Tech’s big test: Northwood, LSSU games will show Huskies where they stand in crowded GLIAC North

HOUGHTON – The Michigan Tech men’s basketball team faces a litmus test this weekend.

Are the Huskies a contender for the GLIAC title? Will Tech be returning to the NCAA Tournament?

Those questions will not be definitively answered yet, but with Northwood (13-7 overall, 9-3 GLIAC) and Lake Superior State (17-3 overall, 9-3 GLIAC) at the SDC today and Saturday, respectively, the Huskies will have a good idea where they stand after matching up against the pair tied for the North Division lead.

“I’m not going to say its do or die, because there are 10 games left, but let me put it this way. We are going to find out where we fit in,” Tech coach Kevin Luke said. “That is fair to say. Whether we are in the top or the middle.

“We are going to know after Monday night where we are.”

With a 4-0 record in non-conference and sweep of Ferris and Grand Valley State two weeks ago, Tech has plenty of reason to think its title contention is real.

Road losses to Saginaw Valley last Saturday and Ashland three weeks ago – both 3-9 in GLIAC play – give pause to that notion though.
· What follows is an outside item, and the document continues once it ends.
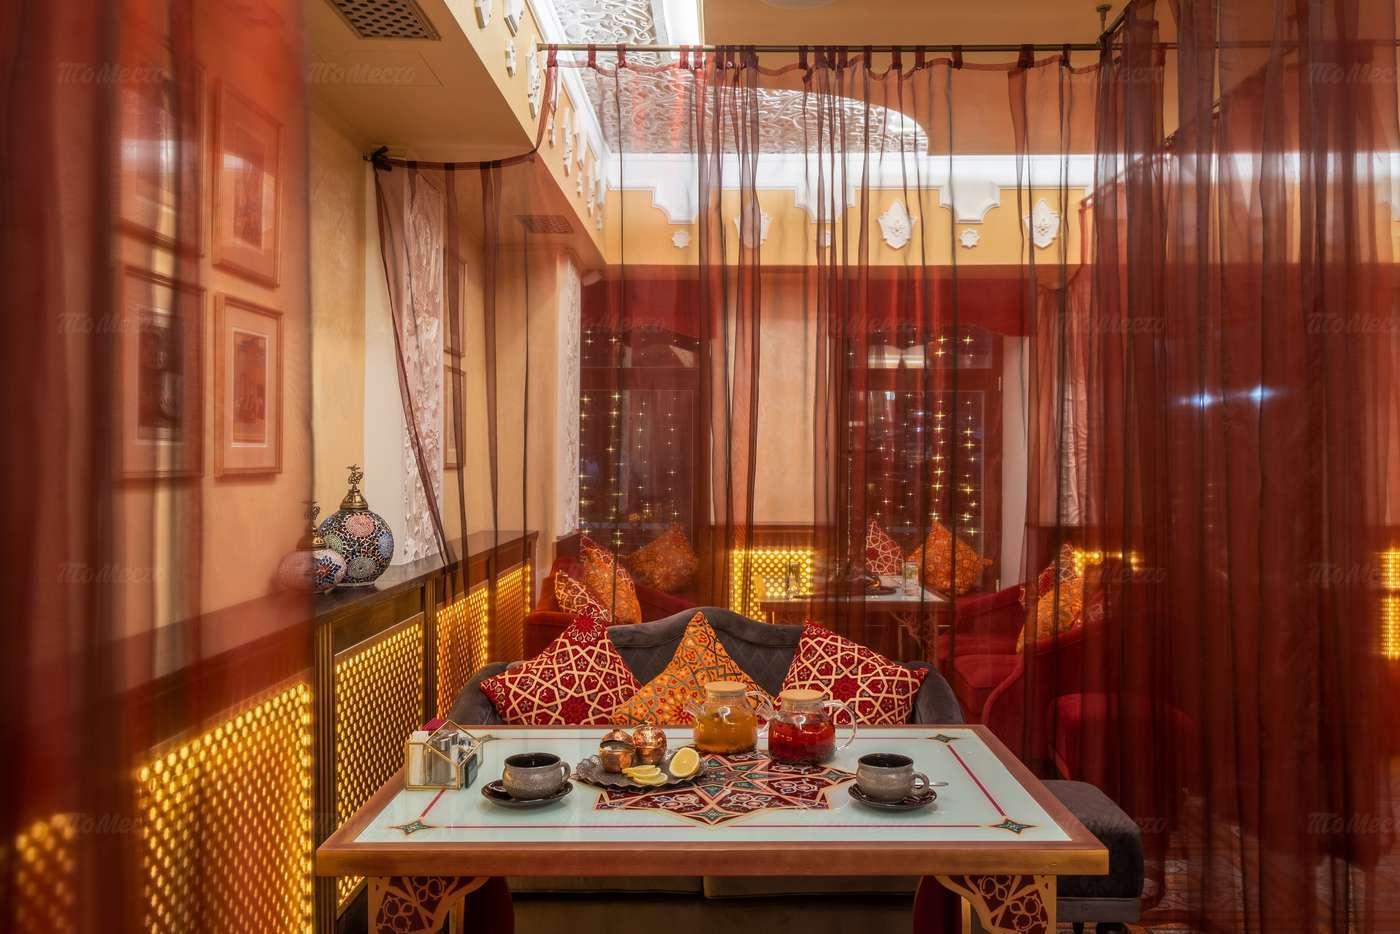 Ресторан Омар Хайям в Большом Черкасском переулке фото 17

How the Huskies perform against red-hot Northwood (five straight wins) will do quite a bit to clear up the picture.

“I don’t know what the outcome is going to be, but I know our team is ready to compete,” Luke said. “You can’t pick a better team than Northwood. they beat Lake State at Lake State so they are a handful.”

The Huskies have won six straight against the Timberwolves, including a 90-80 overtime thriller in the GLIAC quarterfinals last season.

Northwood returns much of that team, however, including Wes Wilcox, the league’s No. 8 scorer at 19.4 points per game.

Wilcox dragged Northwood into overtime last year with an astounding and versatile offensive display, scoring 28 points on 7-of-9 shooting with 14 free throw attempts.

He fits the mold the Huskies have struggled with all season – e.g. Greg Kahlig and Tim Dezelski – able to shoot from anywhere but comfortable pounding smaller defenders down low.

Tech guard Troy Hecht will draw the assignment initially, but Luke has shown a tendency to try some funky things defensively if a traditional approach is not working.

“He is going to be a handful because he can shoot the three very well and he can post up,” Luke said. “They have gone high low on us the past few years and it has had some good results.

“We have to mix it up and try and knock off his rhythm,” Luke added.

The question of zone defense remains up in the air.

The Huskies used some 2-3 zone to good effect against Wayne State, holding the Warriors to 50 points in a grind-it-out win.

Tech played straight man-to-man in the loss to Saginaw though.

As Northwood makes seven threes per game at a 37 percent clip, zone defense may not be ideal against the Timberwolves even if it helps slow down Wilcox.

“It would be easy to look back and say we should have zoned (Saginaw) a couple times,” Luke said. “But we are of the thought process that to be one of the teams on the top we have to play good, solid man.”

The weekend doesn’t get any easier after Northwood, with Lake State and the North’s highest scoring offense (81.3 points per game) in town Saturday.

Again, Luke looks at the matchup as a midterm, giving the Huskies an idea of where they stand after a tough loss at Saginaw.

“If you take care of business at home that gives you another chance,” Luke said.